There is a 2/3 chance of the Mafia being picked to claim, in which case there is a 1/2 chance of making the right claim. If the Mafia makes the wrong claim, the town wins (as the checked innocent reveals and gets that Mafia eliminated, then the Cop checks between the two unconfirmed players). Since the innocent will always make the "right" claim if picked, the town's best strategy is to eliminate one of the two that weren't picked (partial probability says that it's more likely a right claim is innocent, since the Mafia have a chance to make a wrong claim). So, there's a 1/2 chance that the innocent will be eliminated and the Mafia wins, for a 1/6 total. The Mafia always loses if the innocent is picked, as one of the Mafia will get eliminated and then the Cop checks among the two remaining unconfirmed players.

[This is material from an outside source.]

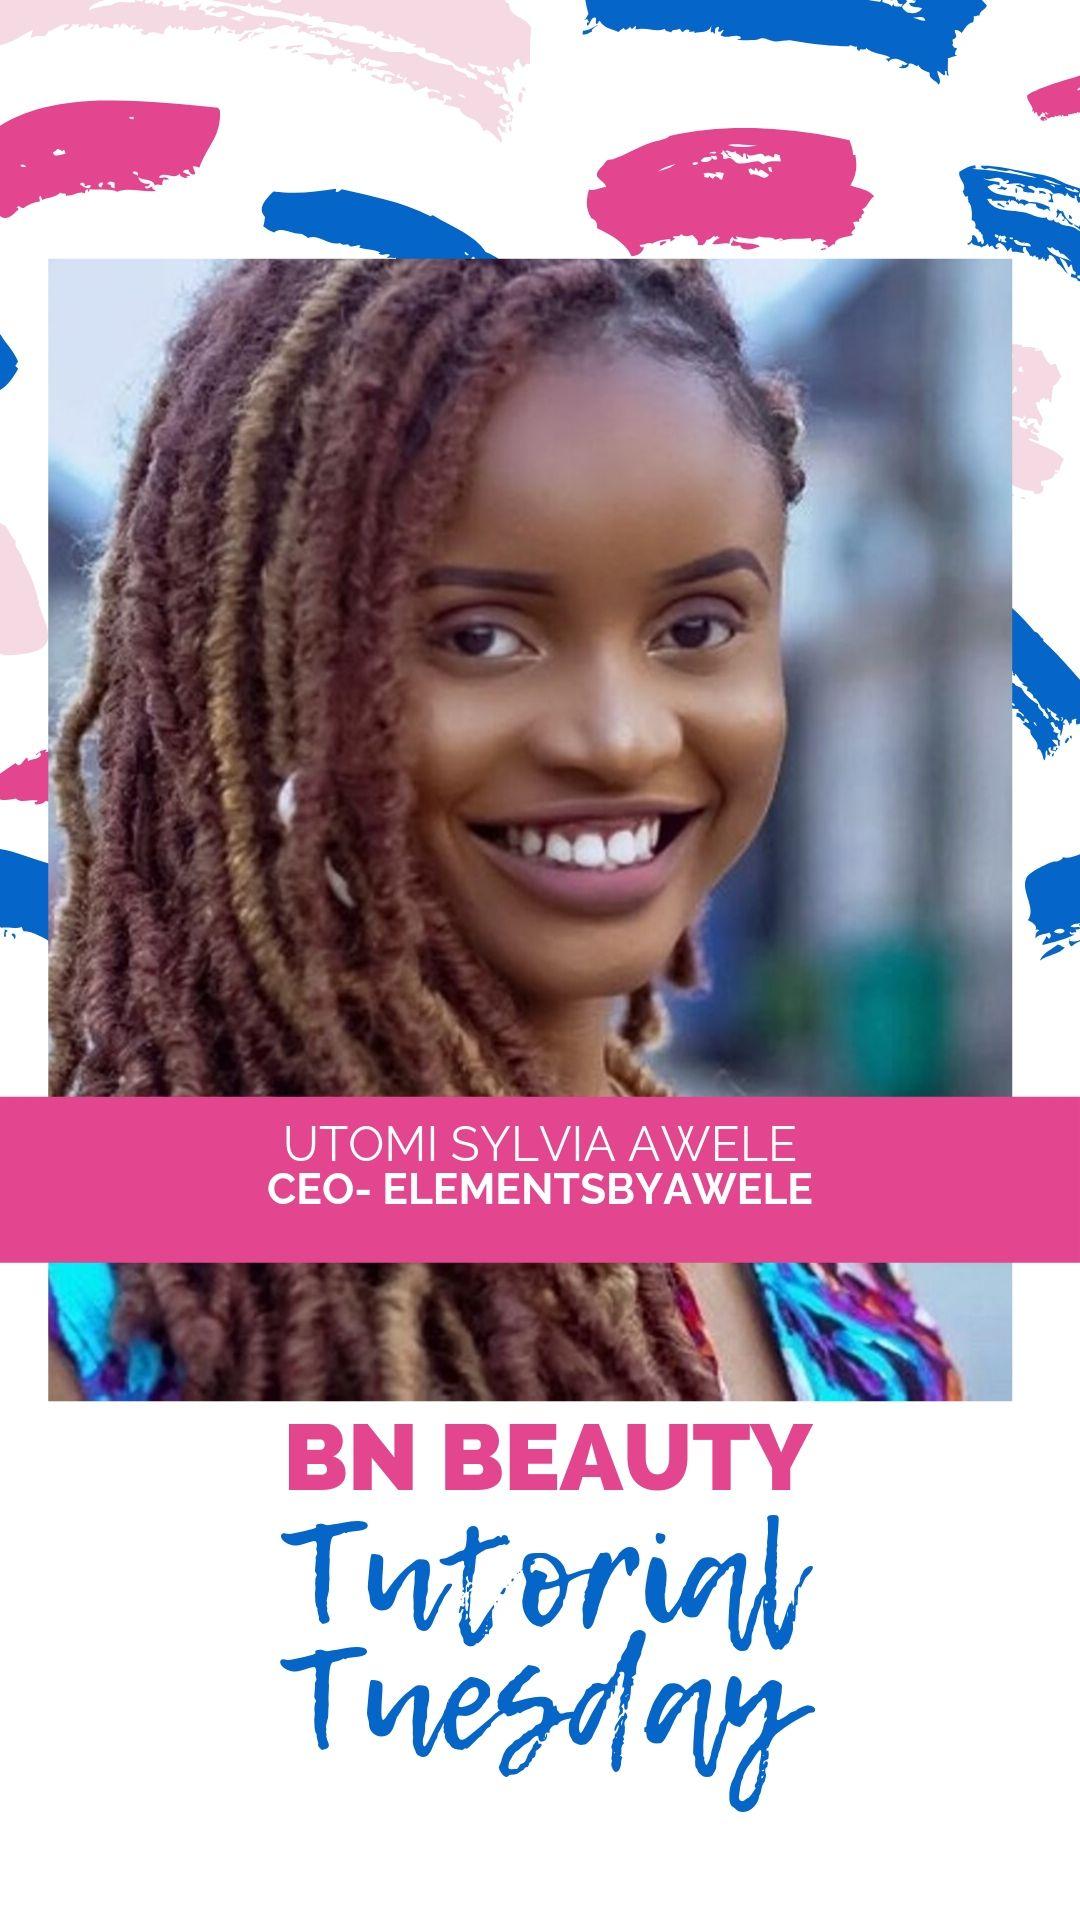 #BNBeautyTutorialTuesday 1 | Utomi Sylvia Awele

!!! - The tricky bit here is that there is a Doctor still alive, so claims can help the town. If both Mafia claim Townie, then there's a 1/3 chance of them winning (the town eliminates the innocent townie claim). If both claim Doctor, there's also a 1/3 chance (same logic). However, if one claims Townie and one claims Doctor, there's a 1/2 chance for the Mafia now (pick one of the pairs and flip a coin). So that's the Mafia's best strategy.

Without claims, the Mafia wins 5/6 (town has to eliminate correctly twice in a row, at 1/2 and 1/3), so this is better for the Town.

Other strategies will be added later.